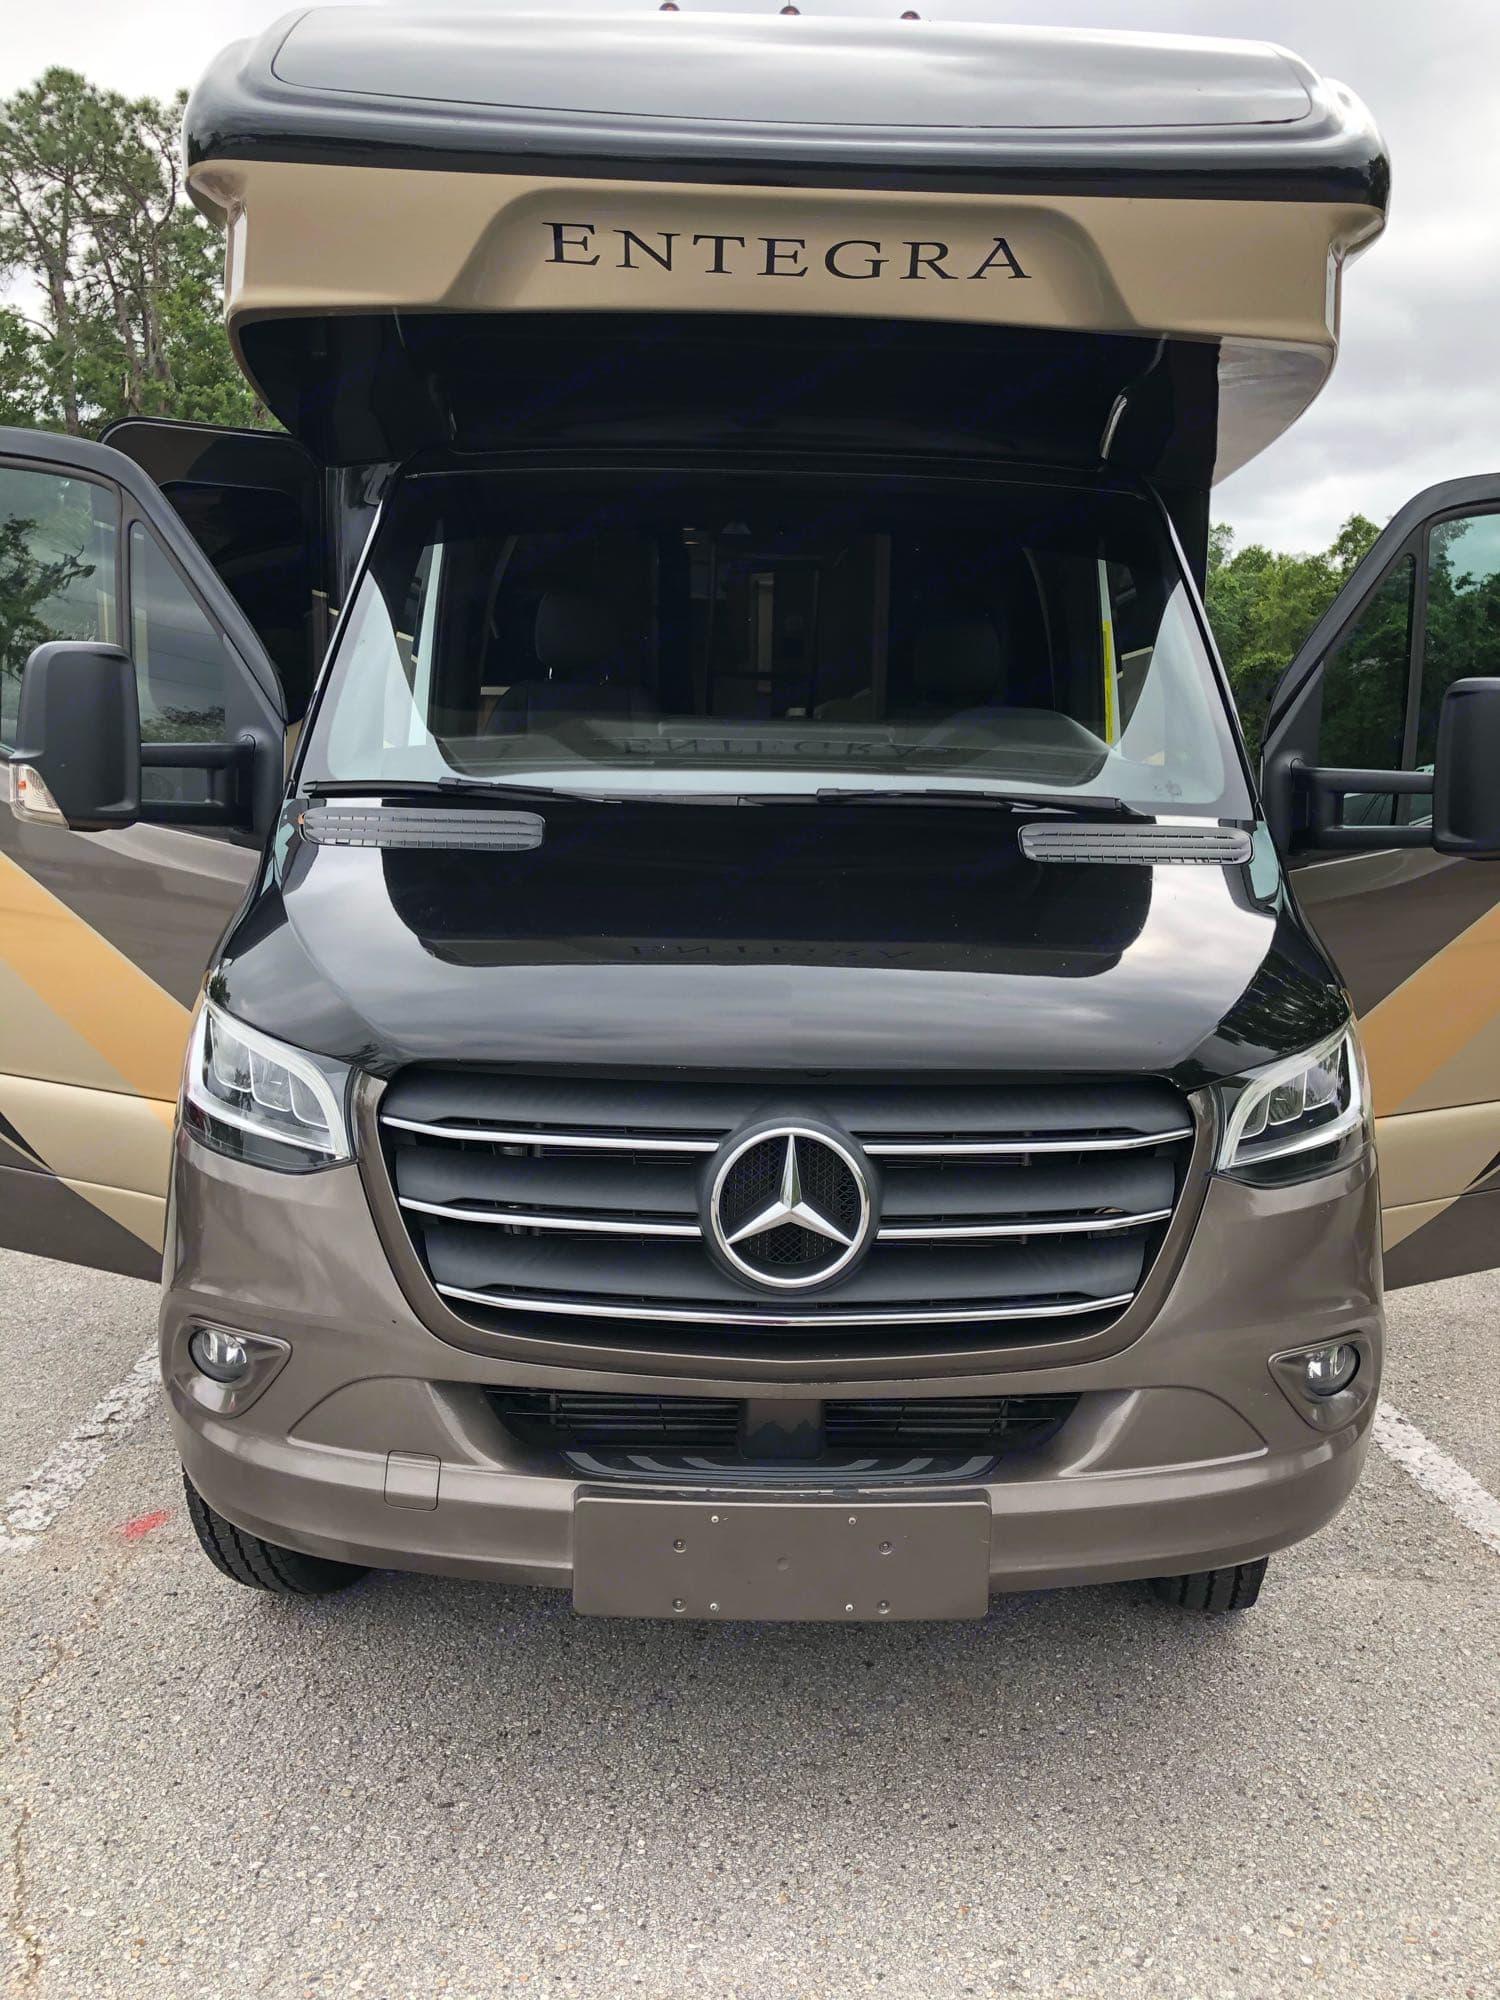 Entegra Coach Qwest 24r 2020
---
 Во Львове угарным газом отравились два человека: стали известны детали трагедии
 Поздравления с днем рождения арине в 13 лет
* * *
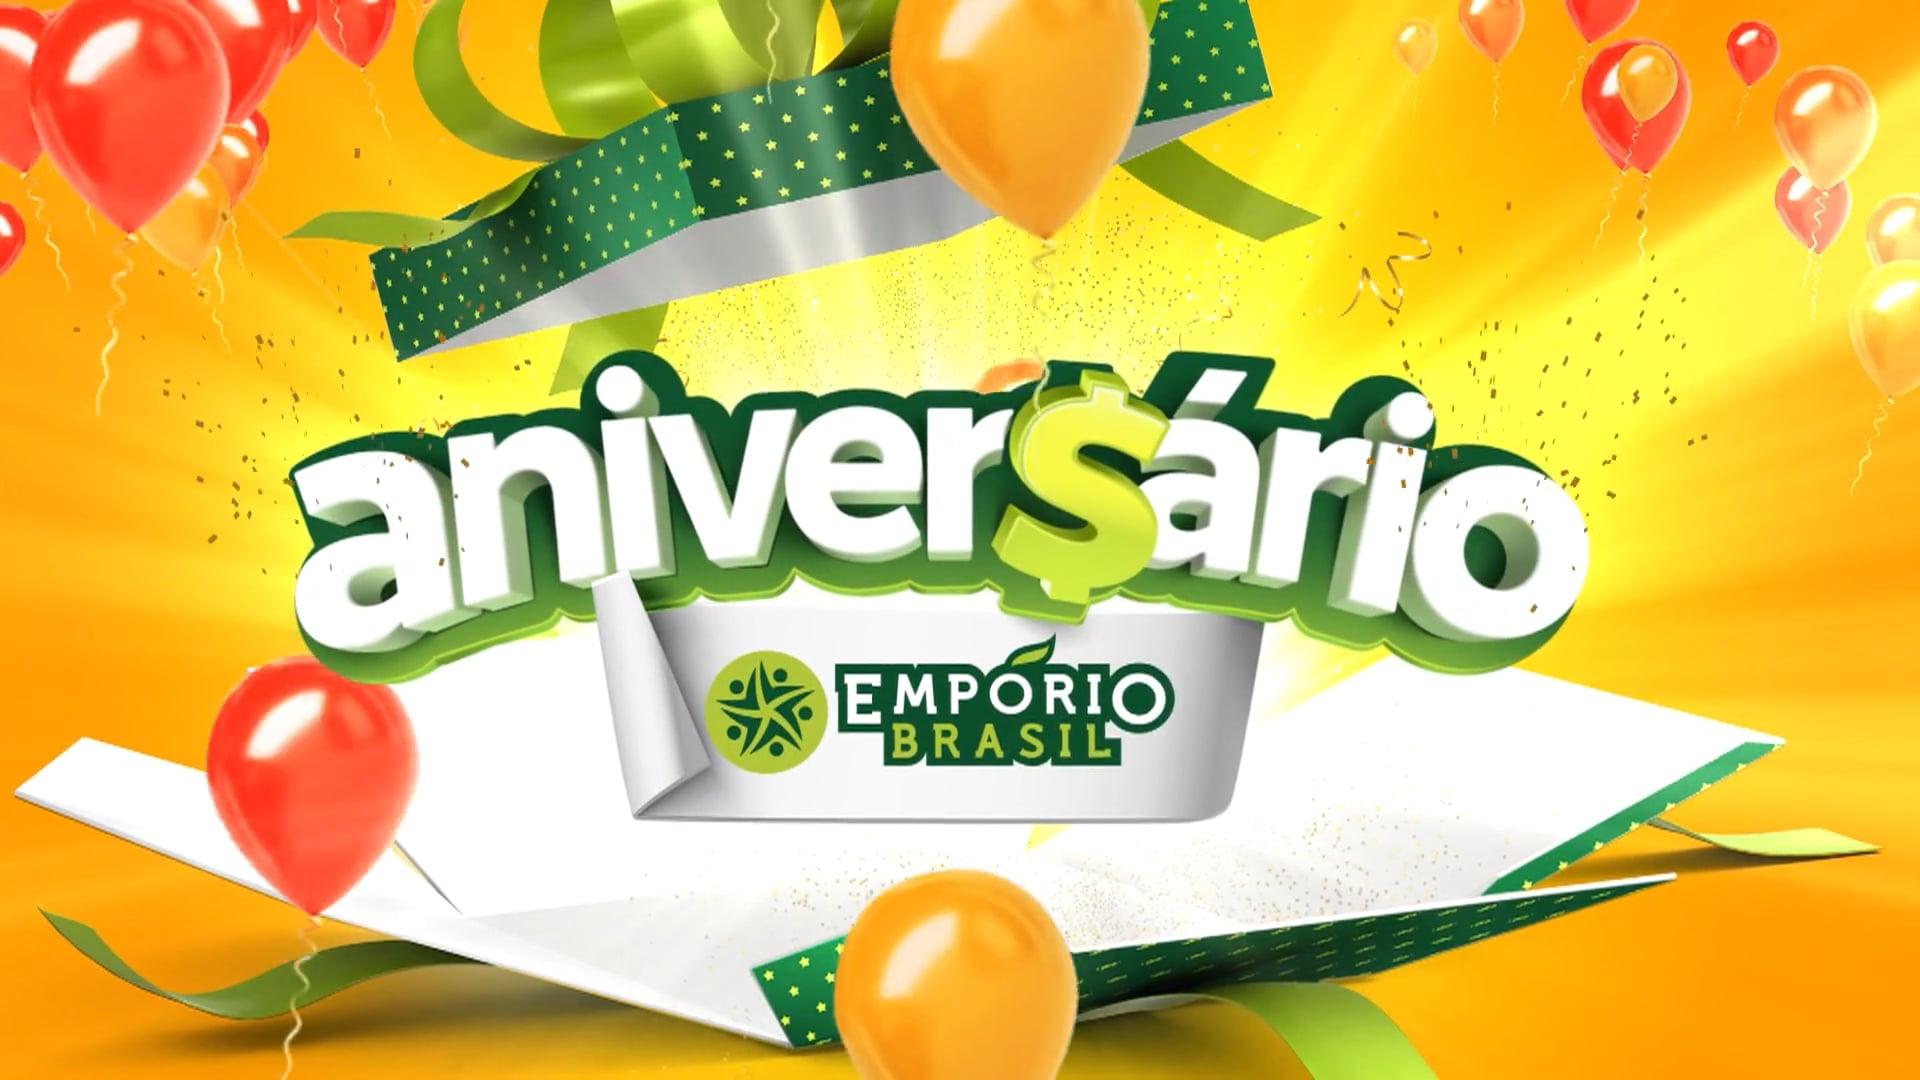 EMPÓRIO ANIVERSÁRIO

■ ACTIVITY ■
For the lines above, output exactly those from the line containing "Во Львове угарным" through the line containing "Поздравления с днем рождения арине в 13 лет", and skip the others.

■ WRITTEN ANSWER ■
 Во Львове угарным газом отравились два человека: стали известны детали трагедии
 Поздравления с днем рождения арине в 13 лет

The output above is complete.